Gophernicus requires a C compiler but no extra libraries aside from standard LIBC ones. Care has been taken to use only standard POSIX syscalls so that it should work pretty much on any *nix system.

To compile and install run:

$ git clone https://github.com/gophernicus/gophernicus.git
$ cd gophernicus
$ make
$ sudo make install

after having set the correct public hostname in the gophernicus.env file. If this is wrong, selectors ("gopher links") won't work!

On *nix systems, hostname might give you an idea, but please note this might be completely wrong, especially on your personal machine at home or on some cheap virtual server. If you know you have a fixed numerical IP, you can also directly use that. For testing, just keep the default value of localhost which will result in selectors working only when you're connecting locally.

That's it - Gophernicus should now be installed, preconfigured and running under gopher:///. And more often than not, It Just Works(tm).

By default Gophernicus serves gopher documents from /var/gopher although that can be changed by using the -r <root> parameter. To enable virtual hosting create hostname directories under the gopher root and make sure you have at least the primary hostname (the one set with -h <hostname>) directory available (mkdir /var/gopher/$HOSTNAME).

Dependencies

These were obtained from a base docker installation, what we (will) be using on Travis.

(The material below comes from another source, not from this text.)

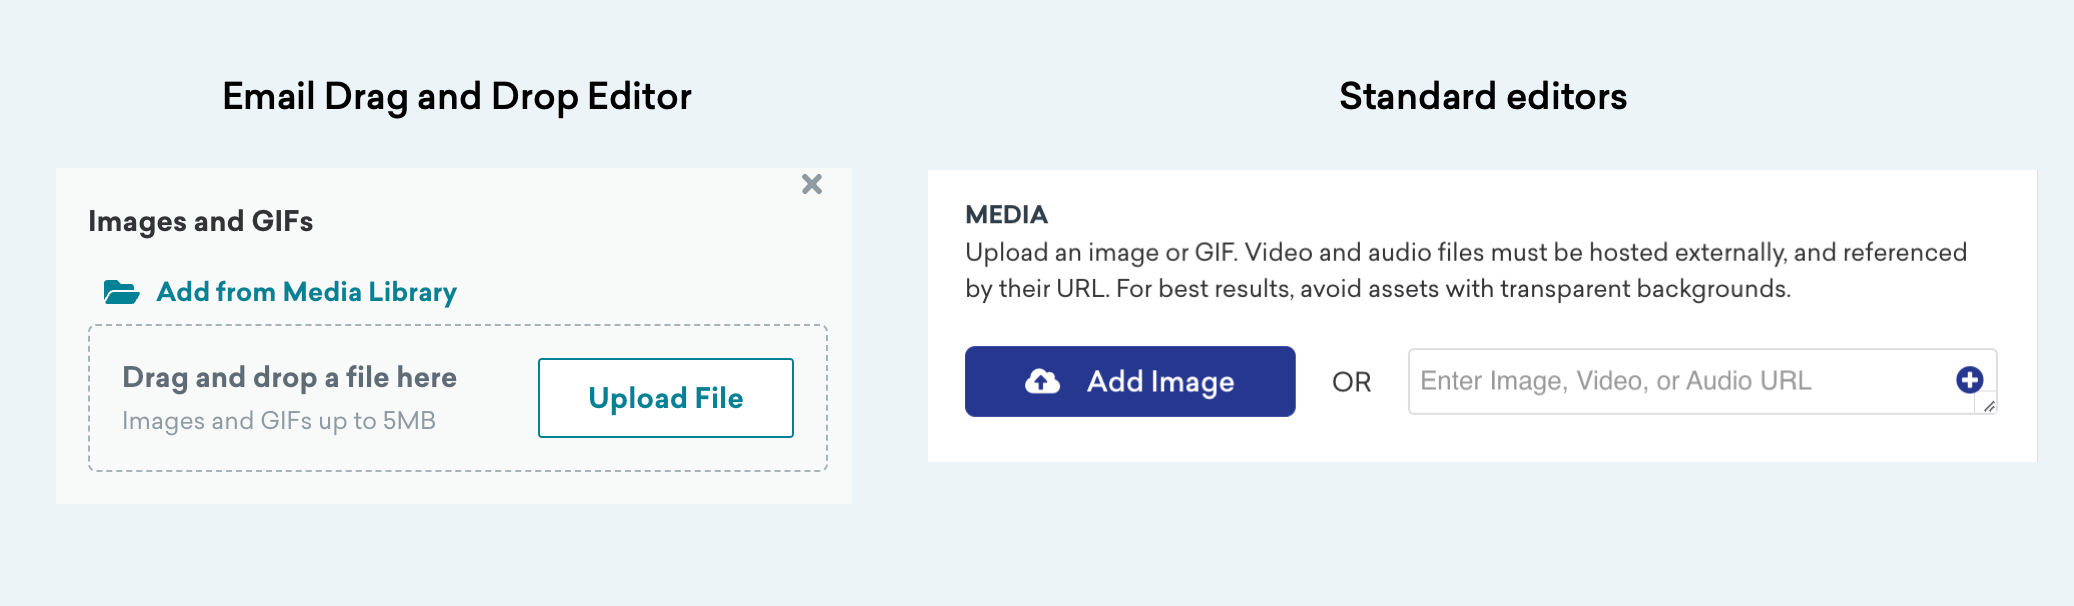 Two common ways of accessing the Media Library depending on the message composer. One shows the email Drag and Drop Editor with the title "Images and GIFs" and a button to "Add from Media Library". The other shows the standard editors, such as push and in-app messages, with the title "Media" and a button to "Add Image".
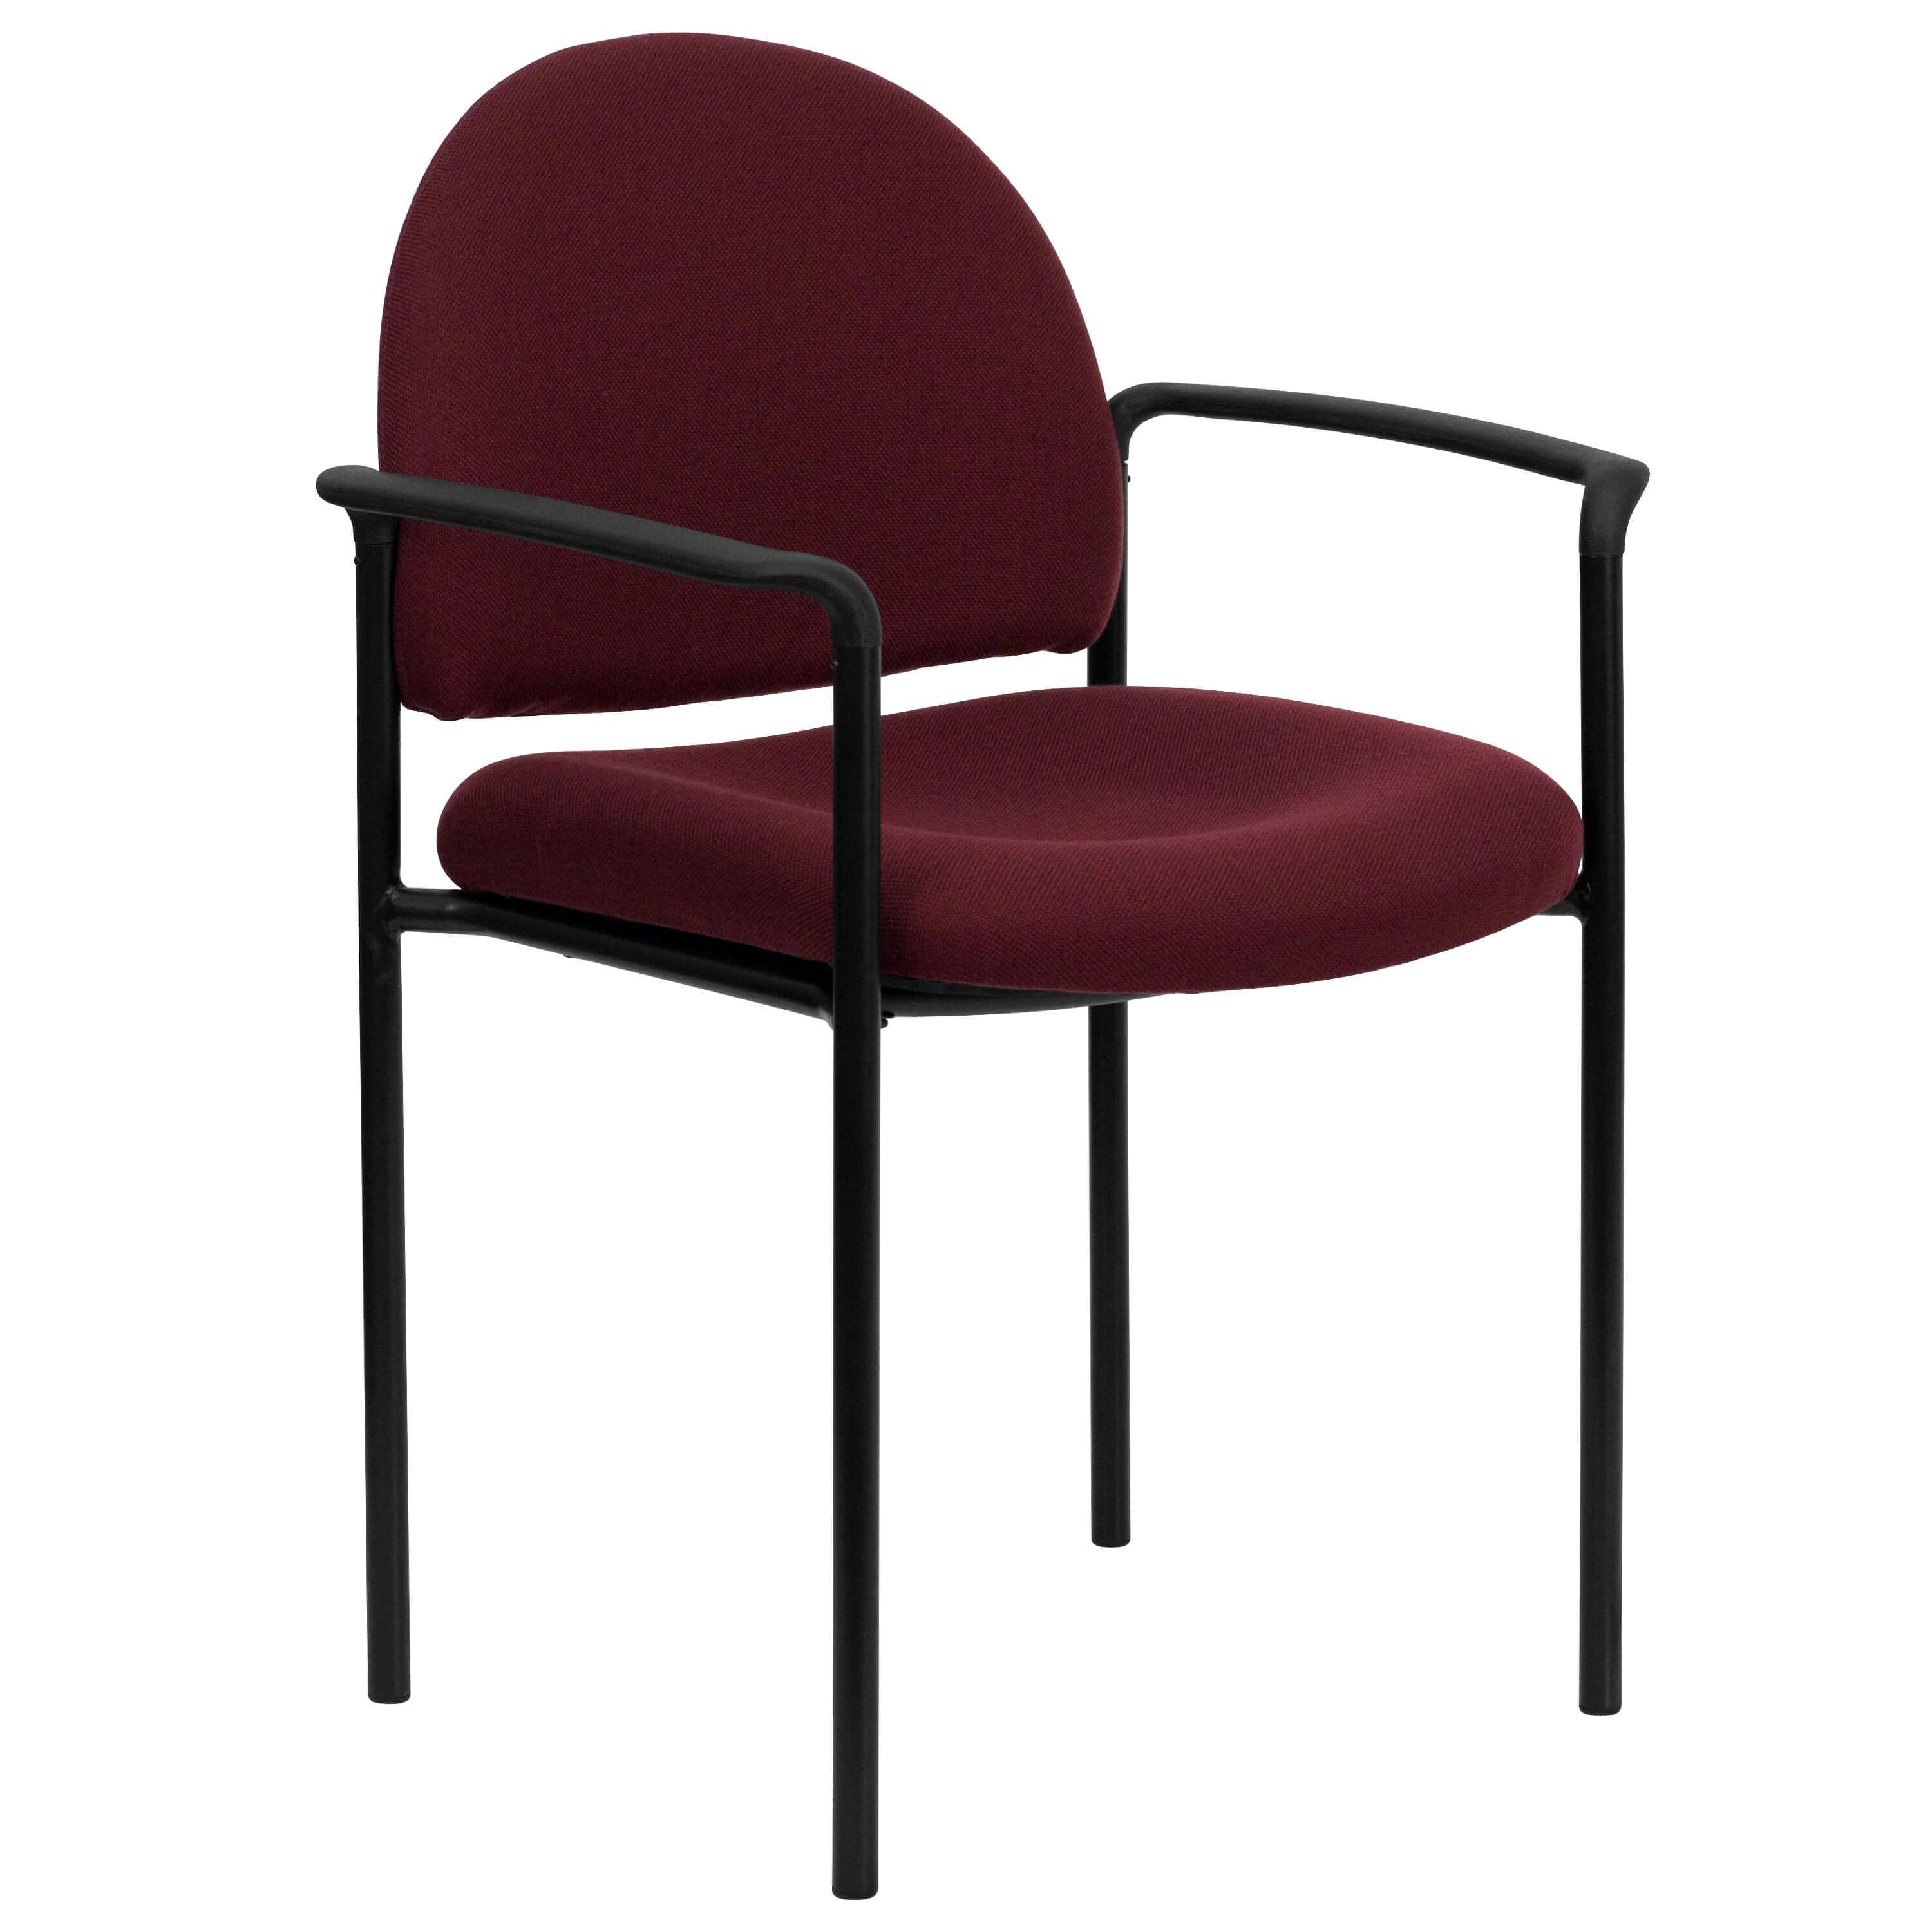 Stackable chairs CUB BT 516 1 BY GG FLA

Ubuntu 18.04, 16.04, Debian Sid, Buster, Stretch, Jessie

  • build-essential
  • git
  • libwrap0-dev for tcp

Centos 6, 7

  • the group 'Development Tools'. less is probably required, but I know this works and couldn't be bothered to find out what was actually required.

Fedora 29, 30, rawhide

  • the group 'Development Tools'. less is probably required, but I know this works and couldn't be bothered to find out what was actually required.
  • net-tools

OpenSuse Leap, Tumbleweed

  • the pattern devel_C_C++
  • the pattern devel_basis
  • git

archlinux

  • base-devel
  • git

Gentoo

  • git

Alpine Linux

  • alpine-sdk. once again, less is probably required.. blah blah.

Other installation targets

Suppose your server runs systemd, but you'd rather have Gophernicus started with inetd or xinetd. To do that, do make install-inetd or make install-xinetd. Likewise use make uninstall-inetd or make uninstall-xinetd to uninstall Gophernicus.

Compiling with TCP wrappers

Gophernicus uses no extra libraries... well... except libwrap (TCP wrappers) if it is installed with headers in default Unix directories at the time of compiling. If you have the headers installed and don't want wrapper support, run 'make generic' instead of just 'make', and if you have wrappers installed in non-standard place and want to force compile with wrappers just run 'make withwrap'.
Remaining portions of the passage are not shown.